**RAW DATA:**
================================

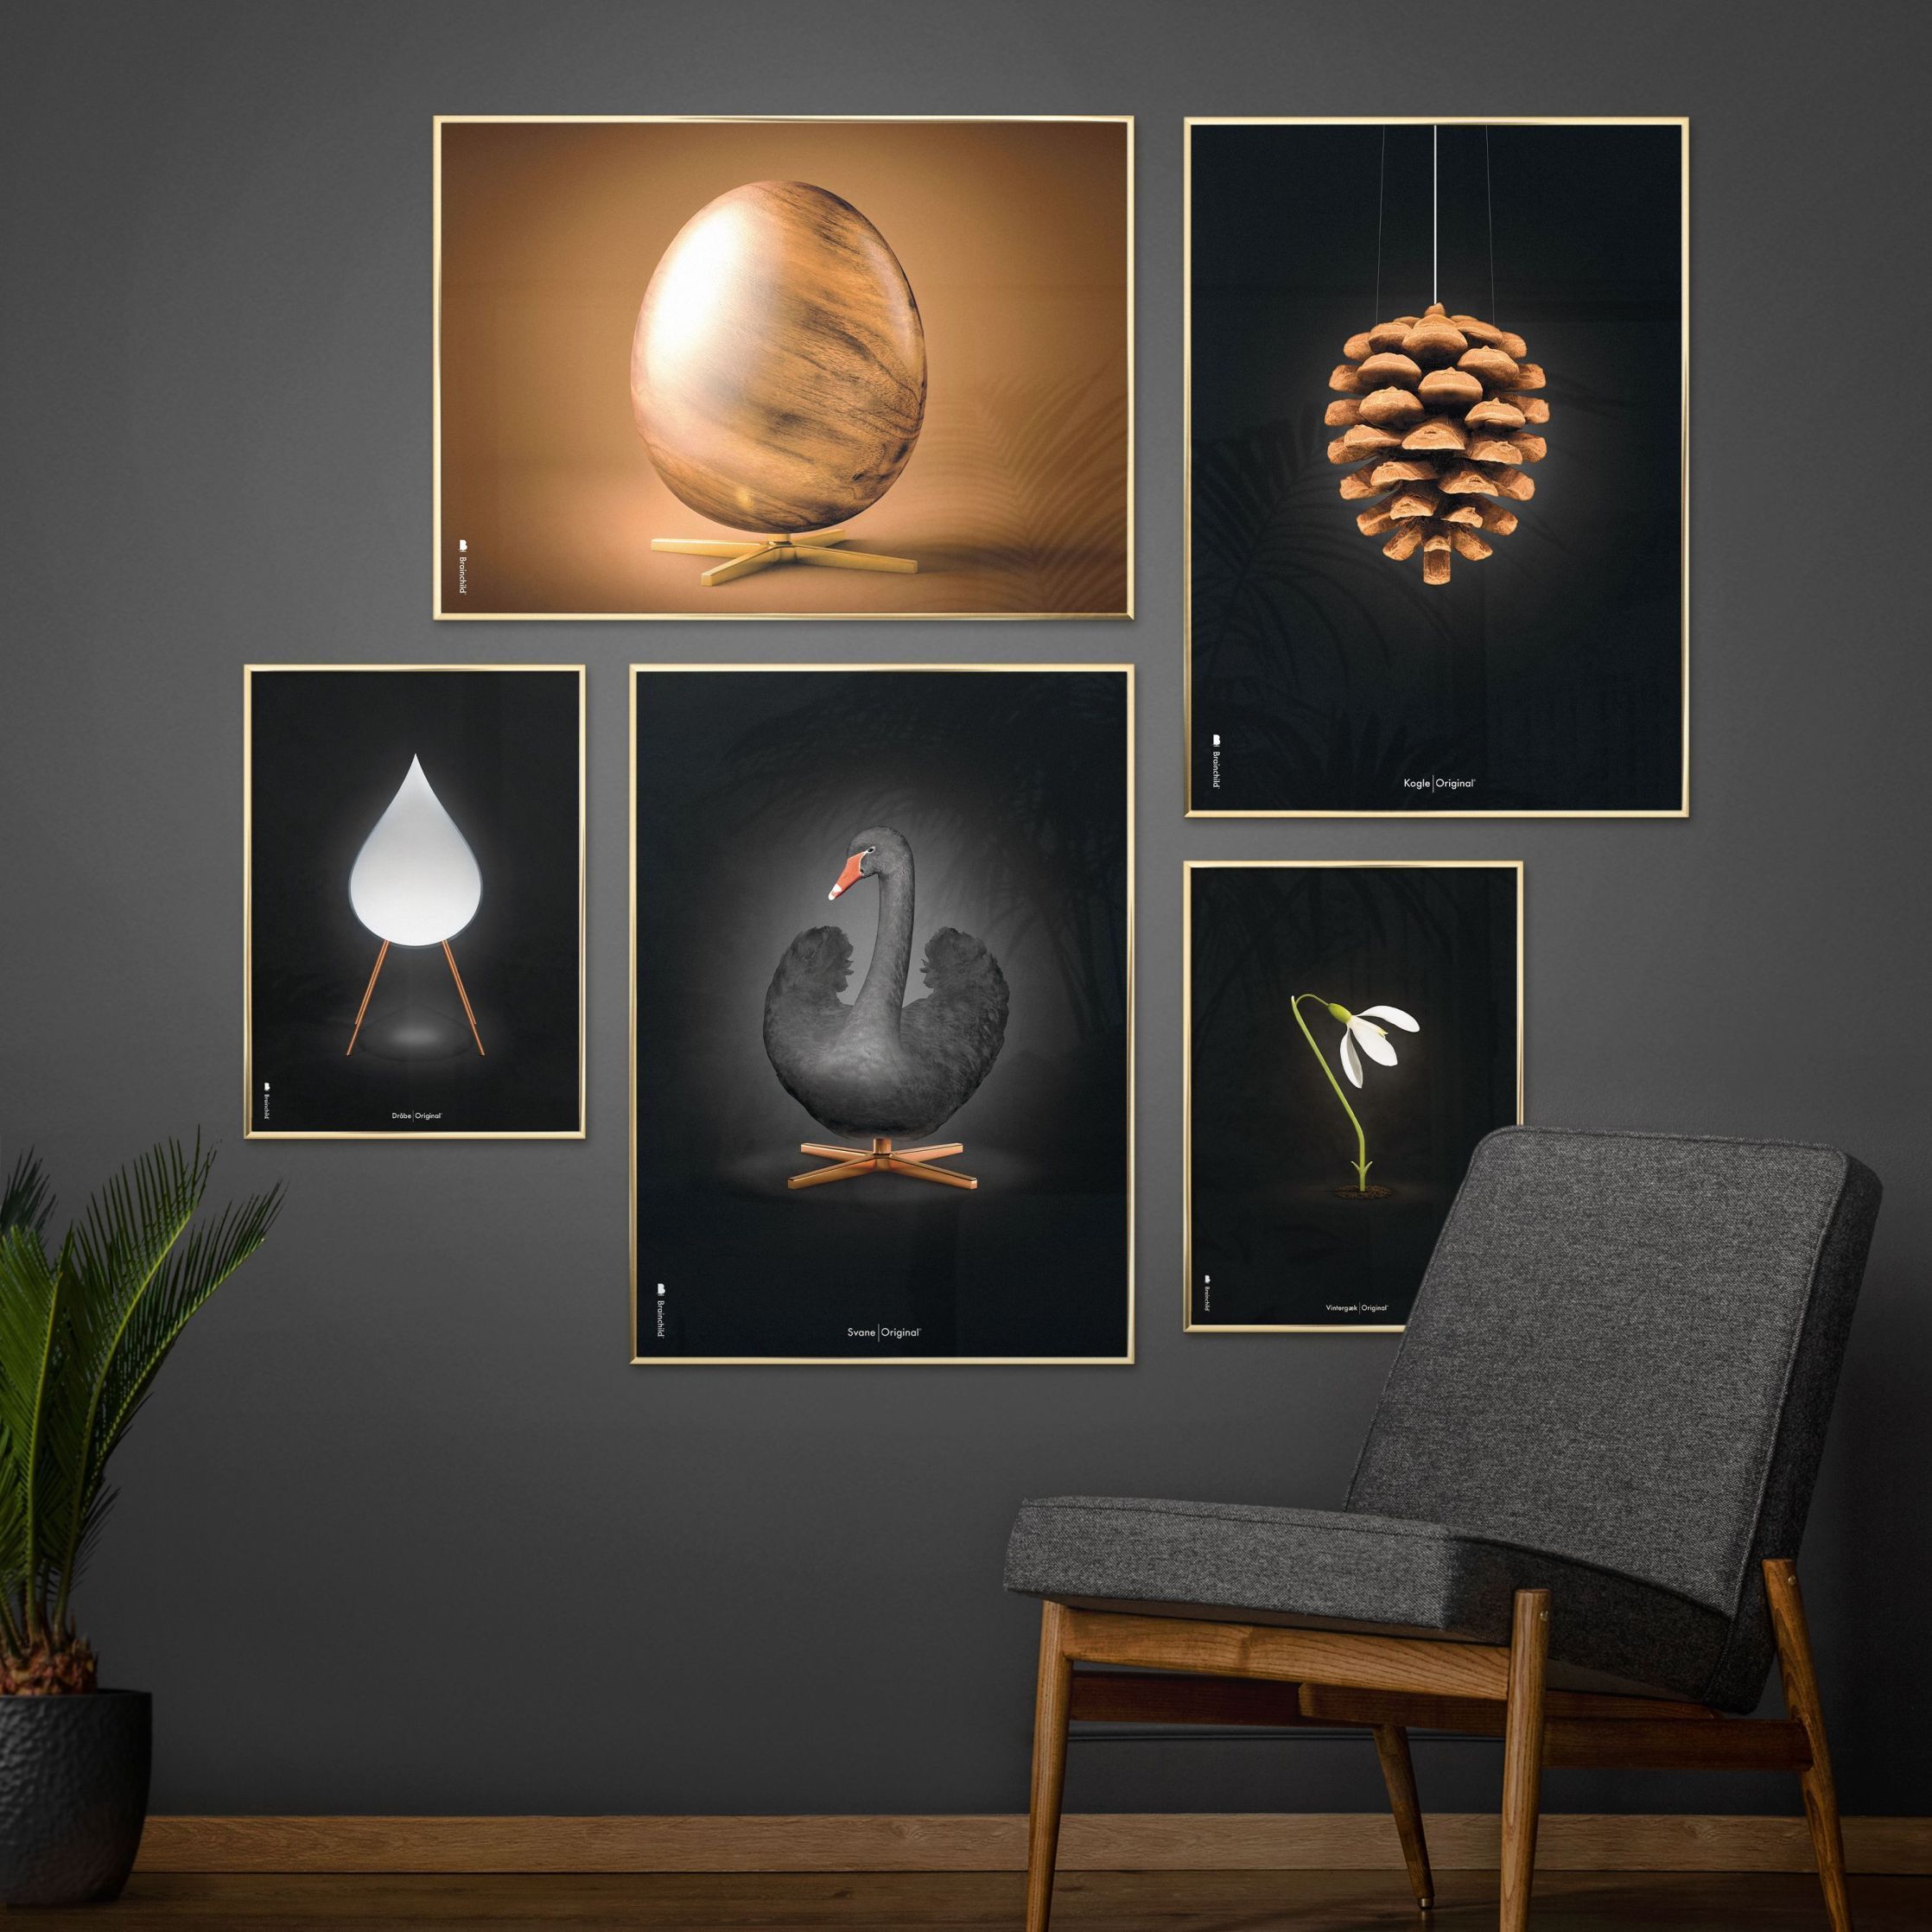 Pomysły Swan Classic Plakat, rama wykonana z ciemnego drewna 50x70 cm, czarne/czarne tło
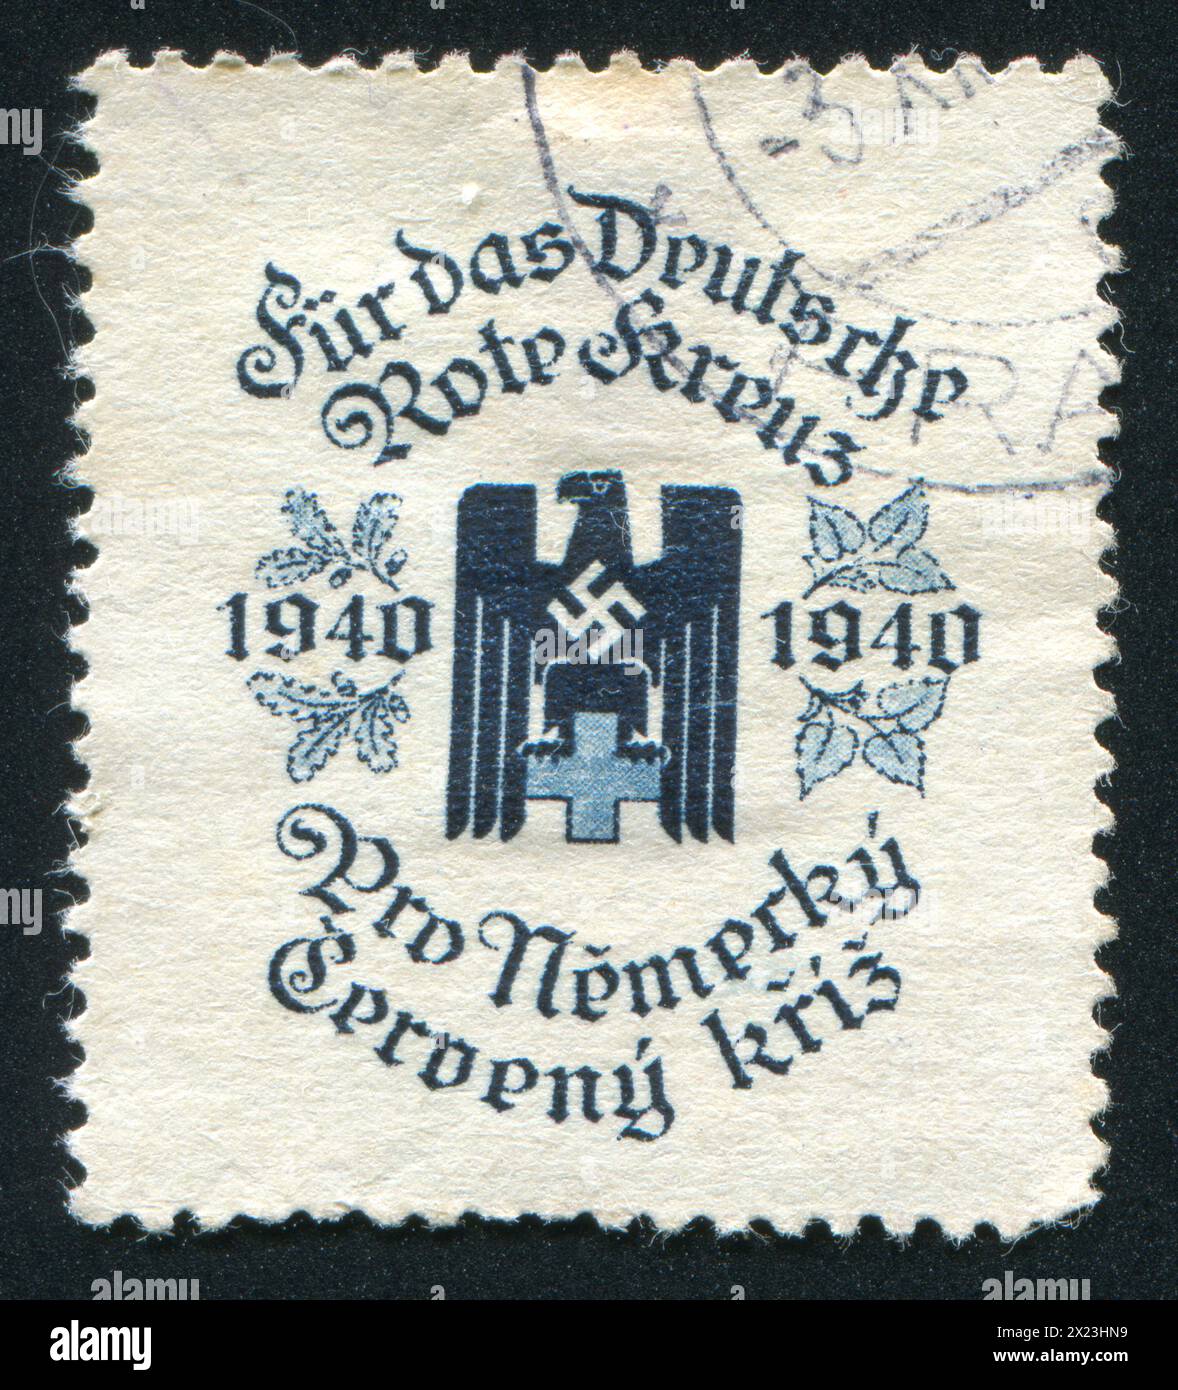 TCHÉCOSLOVAQUIE - VERS 1940 : timbre imprimé par la Tchécoslovaquie, représentant la Croix-Rouge allemande. Cette image n'est pas une propagande nazie, vers 1940 Banque D'Images
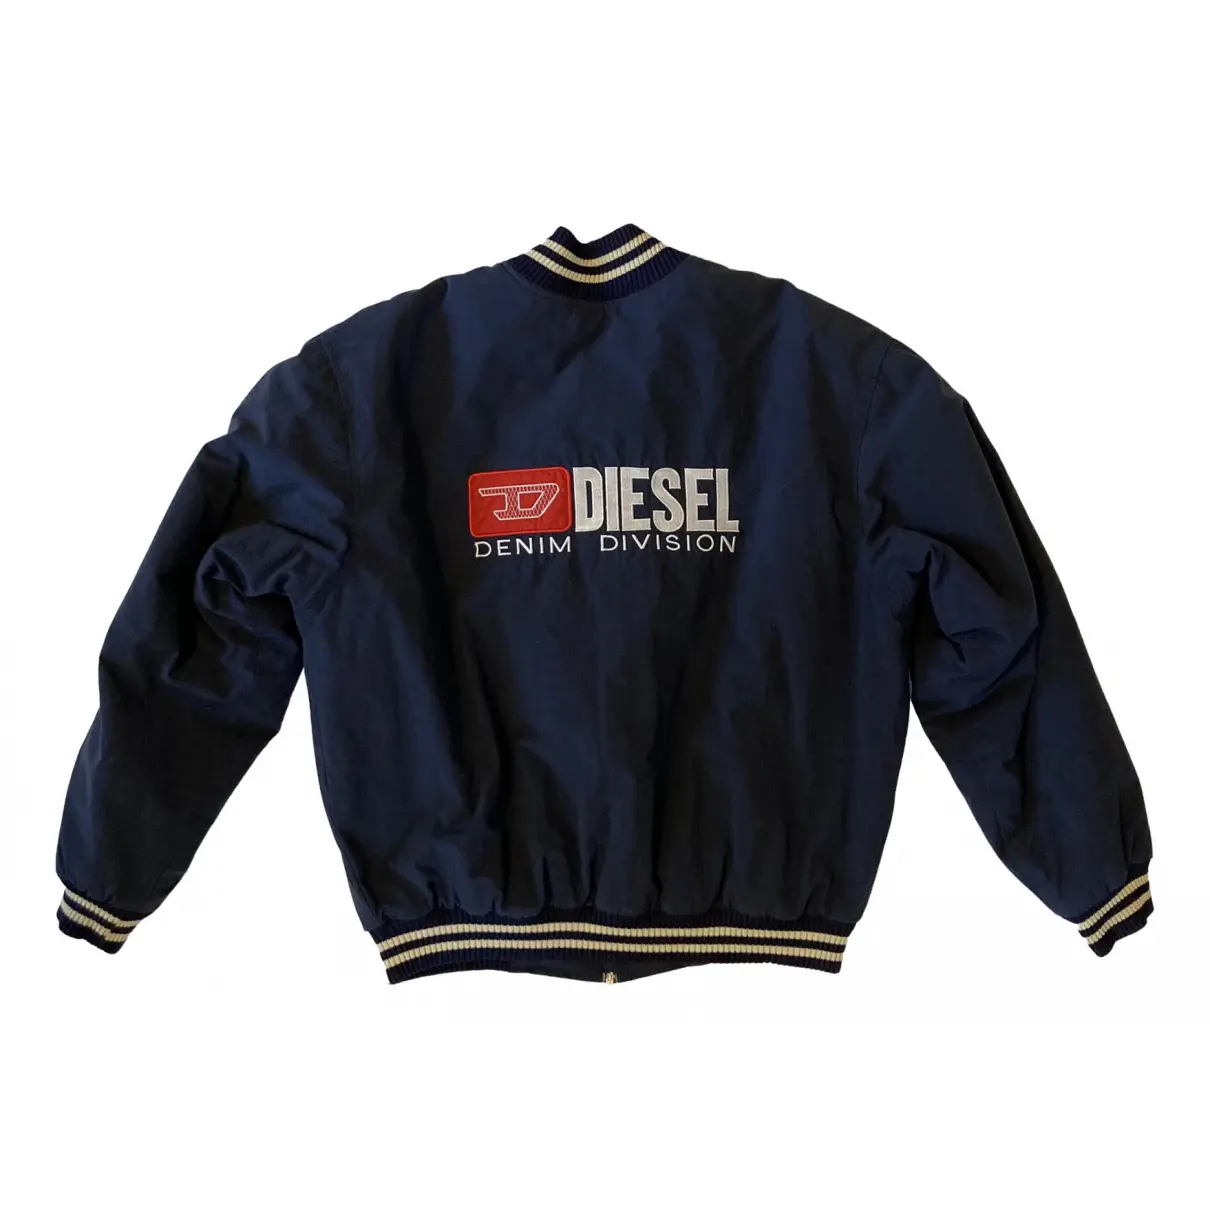 Buy Diesel Jacket online
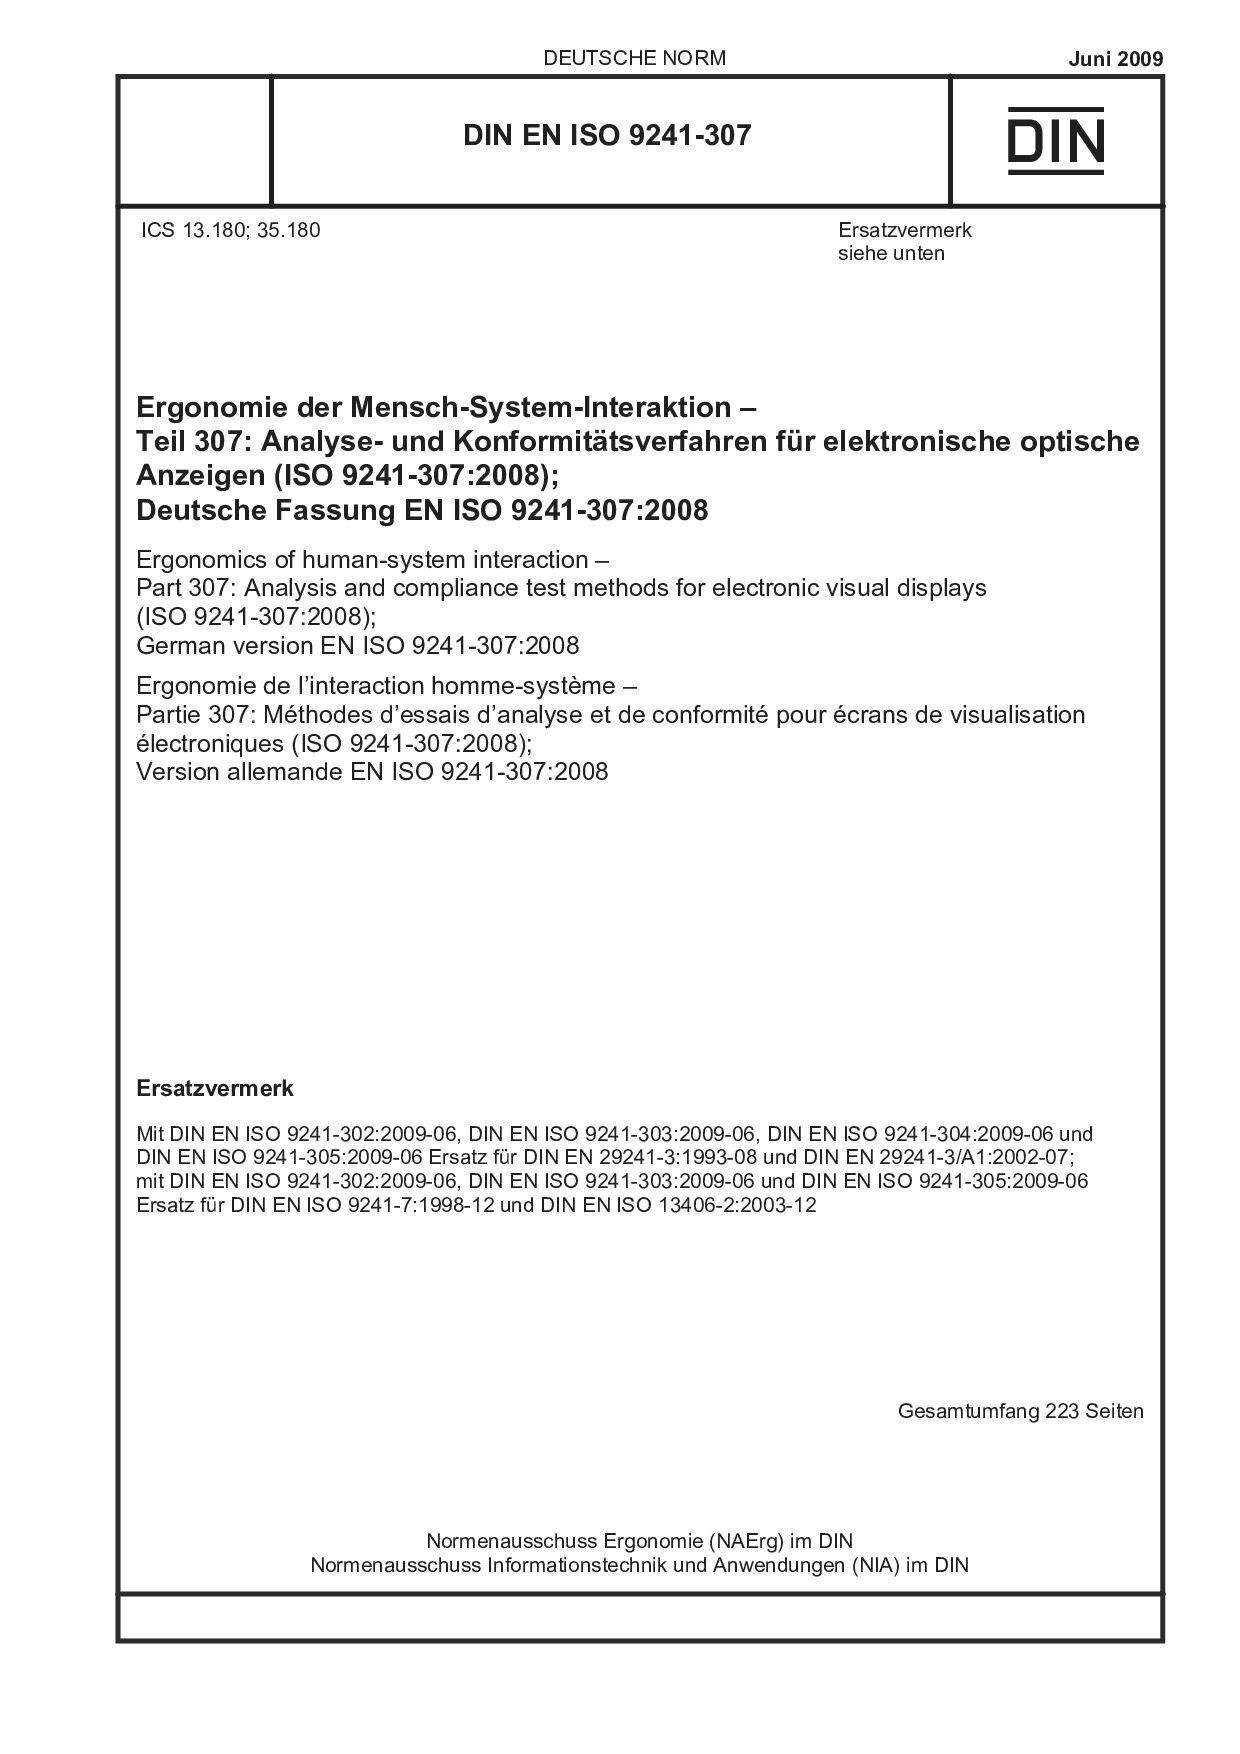 DIN EN ISO 9241-307:2009

================================

**TASK TO CARRY OUT:**
Once the pictures are removed, output the remaining material exactly.

**WRITTEN SOLUTION:**
 Pomysły Swan Classic Plakat, rama wykonana z ciemnego drewna 50x70 cm, czarne/czarne tło
 TCHÉCOSLOVAQUIE - VERS 1940 : timbre imprimé par la Tchécoslovaquie, représentant la Croix-Rouge allemande. Cette image n'est pas une propagande nazie, vers 1940 Banque D'Images
 Buy Diesel Jacket online
 DIN EN ISO 9241-307:2009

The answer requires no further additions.